Art Lawler Staff Writer firstname.lastname@example.org
An East Central University baseball player who was gunned down Friday in Duncan was described as a great teammate and an excellent student-athlete by his coach and a fellow ballplayer.
Christopher Lane, a 22-year-old Australian national, died after being shot in the back Friday afternoon in a drive-by shooting, Danny Ford, Duncan police chief, told The Ada News. Three juveniles, ages 15, 16, and 17, are being held in the Stephens County jail on a complaint of first-degree murder. Two of the juveniles were not talking to police, Ford said, but the 17-year-old has told Ford that the shooter was the 16-year-old.
Ford told The Ada News that Stephens County District Attorney Jason Hicks has said he would probably release the names of the juveniles as soon as they appear in district court, perhaps as early as today.

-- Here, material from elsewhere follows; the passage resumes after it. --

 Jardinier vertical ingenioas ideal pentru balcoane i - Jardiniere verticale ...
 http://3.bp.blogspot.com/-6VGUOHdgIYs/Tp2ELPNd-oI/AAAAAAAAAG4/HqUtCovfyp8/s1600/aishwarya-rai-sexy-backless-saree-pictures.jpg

Lane was shot and killed at 2:57 p.m. Friday. Officers initiated a manhunt and, after receiving a phone tip at 7:05 p.m., found three young men near a black Honda Civic in the parking lot of a church. The youths had allegedly gone to a house across the street from the church and were “wanting to kill somebody,” Ford said. He said the juveniles were uncooperative and detectives were called to the scene.

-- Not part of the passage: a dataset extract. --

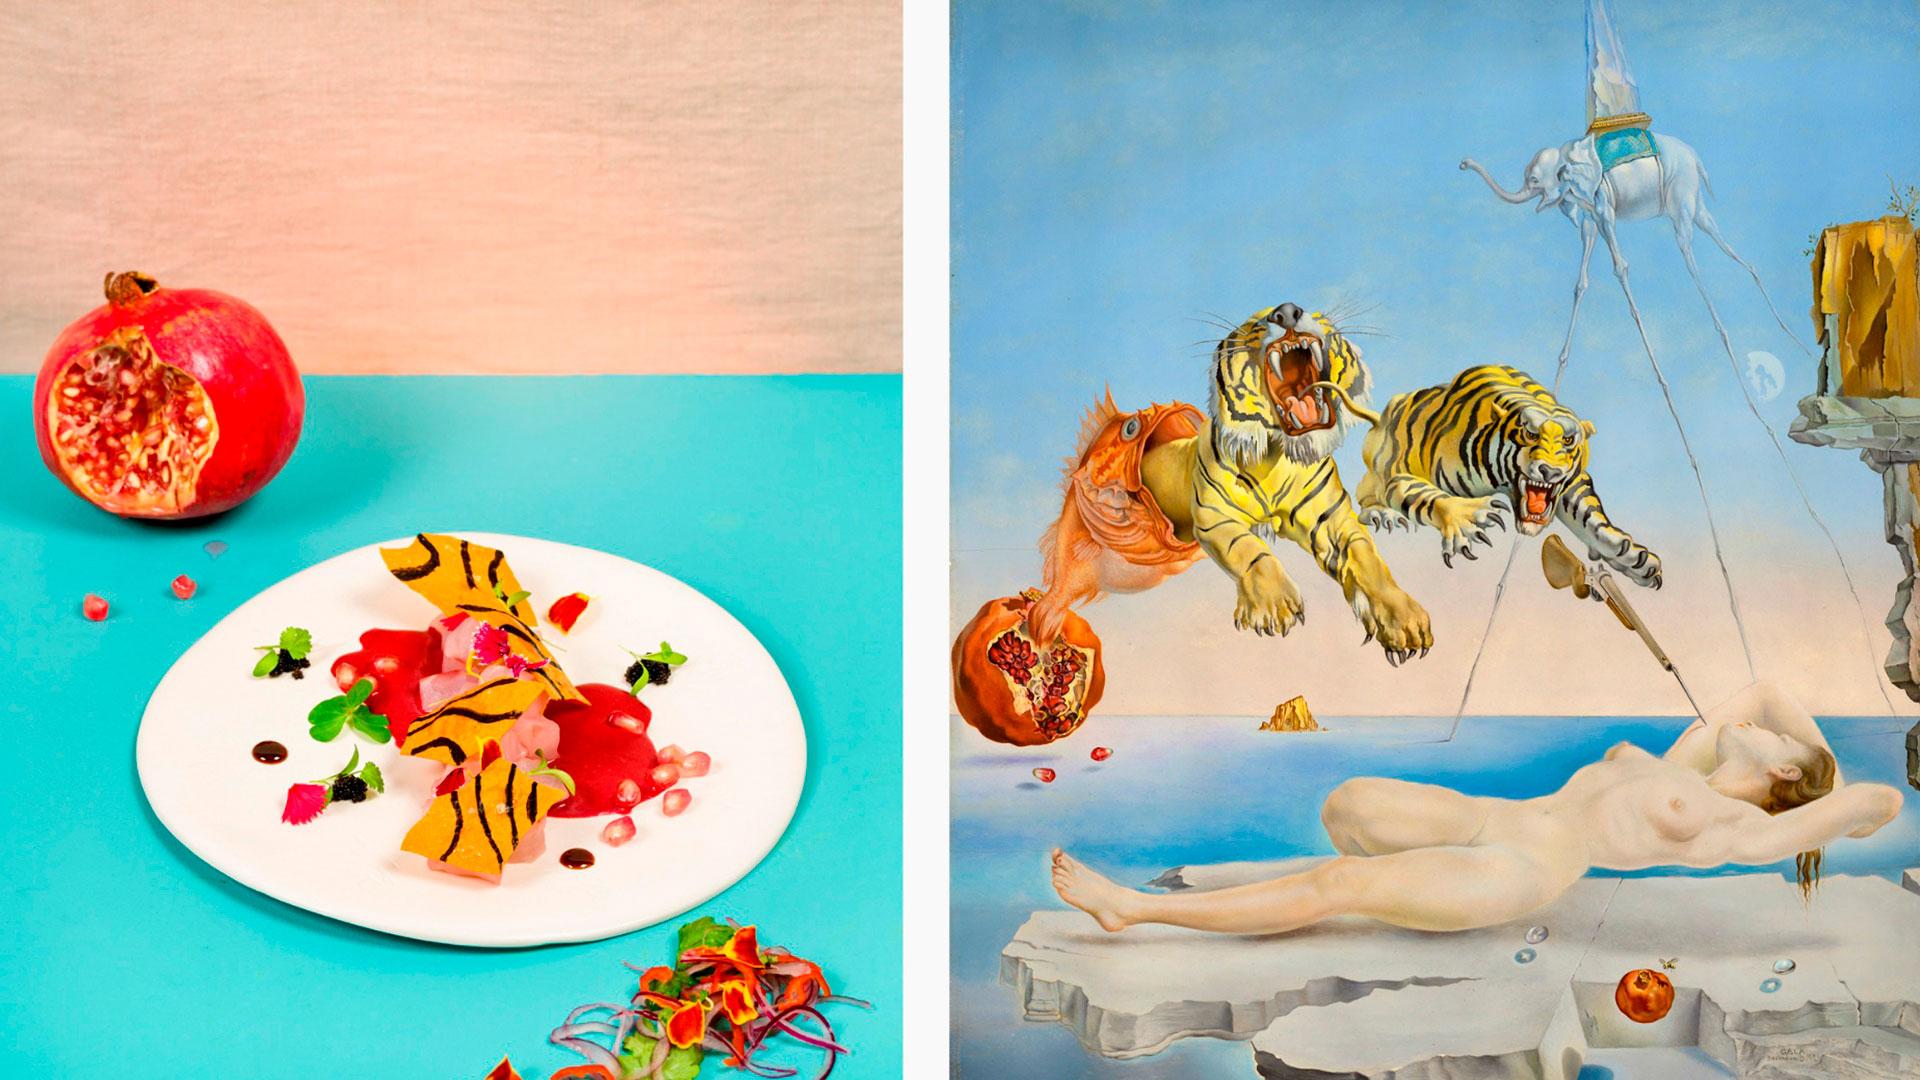 Degustar un cuadro de Dalí hero asset

Ford said the boys claimed they were “bored and had nothing to do.” He said the boys were in a house located on Country Club Road when they saw Lane leave his place of residence to go jogging north on that road.
“These three saw the jogger go by. It was random,” Ford told the Duncan Banner.
A dismantled shotgun was found in the back of the Civic, but not the gun that was used to shoot Lane. That gun has not yet been recovered.
Lane, of Melbourne, had only returned from Australia three days earlier. He was staying with his girlfriend, Sarah Harper, and her family in Duncan. The couple had spent most of the summer in Australia. He had transferred to ECU from Redlands Junior College and was majoring in finance.
“The ECU family is saddened to hear about this tragedy,” said Dr. Jeff Williams, director of athletics. “Our thoughts and prayers go out to the Lane family and friends. We will do everything possible to support his family and teammates during this sad time.”
Dino Rosato, head baseball coach, said that when he thinks about Lane, “I think about a young man with a kind heart and a magnetic personality. He was a person I wanted to be around. He was a young man with great character. I am a better man for Chris having been a part of my life.”
Jacob Caton, a teammate of Lane’s, said Lane “was a very good person. He was never going out looking for trouble. He always had respect for others, and he had a girl who was pretty awesome.
“He had a great knowledge of the game, was a great defensive catcher, and as a hitter, he was looking to get better,” Caton said.
“He was a lively, genuine guy,” Caton said, “always willing to offer a helping hand. He put everyone else ahead of himself, and when we’d go out of town, he’d make sure everyone was alright. The great thing about him was that he would teach us all his Australian drinking songs. They were always funny and we had a good time being around him.”
“Chris was an extremely well-respected teammate,” Rosato said. “He had an above-average baseball IQ. He was a tremendous defensive catcher and great communicator from behind the dish. He had great command of the defensive sets and the pitching staff. He understood how the get the best out of his teammates.
“He was a tireless worker on and off the field,” Rosato said. “He was an absolute joy to coach. I will miss watching him work behind the plate. You would never know if he was having a bad day because he always had the ‘Chris Lane smile’ on.
“He had a great locker room presence,” Rosato said. “He set a great example for all of his teammates, but more importantly for the younger players. He was a mature student-athlete who his teammates could look to for advice and support.
“Chris also excelled in the classroom,” Rosato said. “The main focus in our program is academic achievement. Chris was a special student-athlete who achieved high marks as a business/finance major. That is what I am most admired about Chris when I think of him as a student-athlete. He understood that academic success directly correlates to success on the ballfield.
“He was a shining example of the core elements of the ECU baseball program. I pray that his soul receives the light he deserves,” Rosato said.
The Duncan Banner contributed to this story.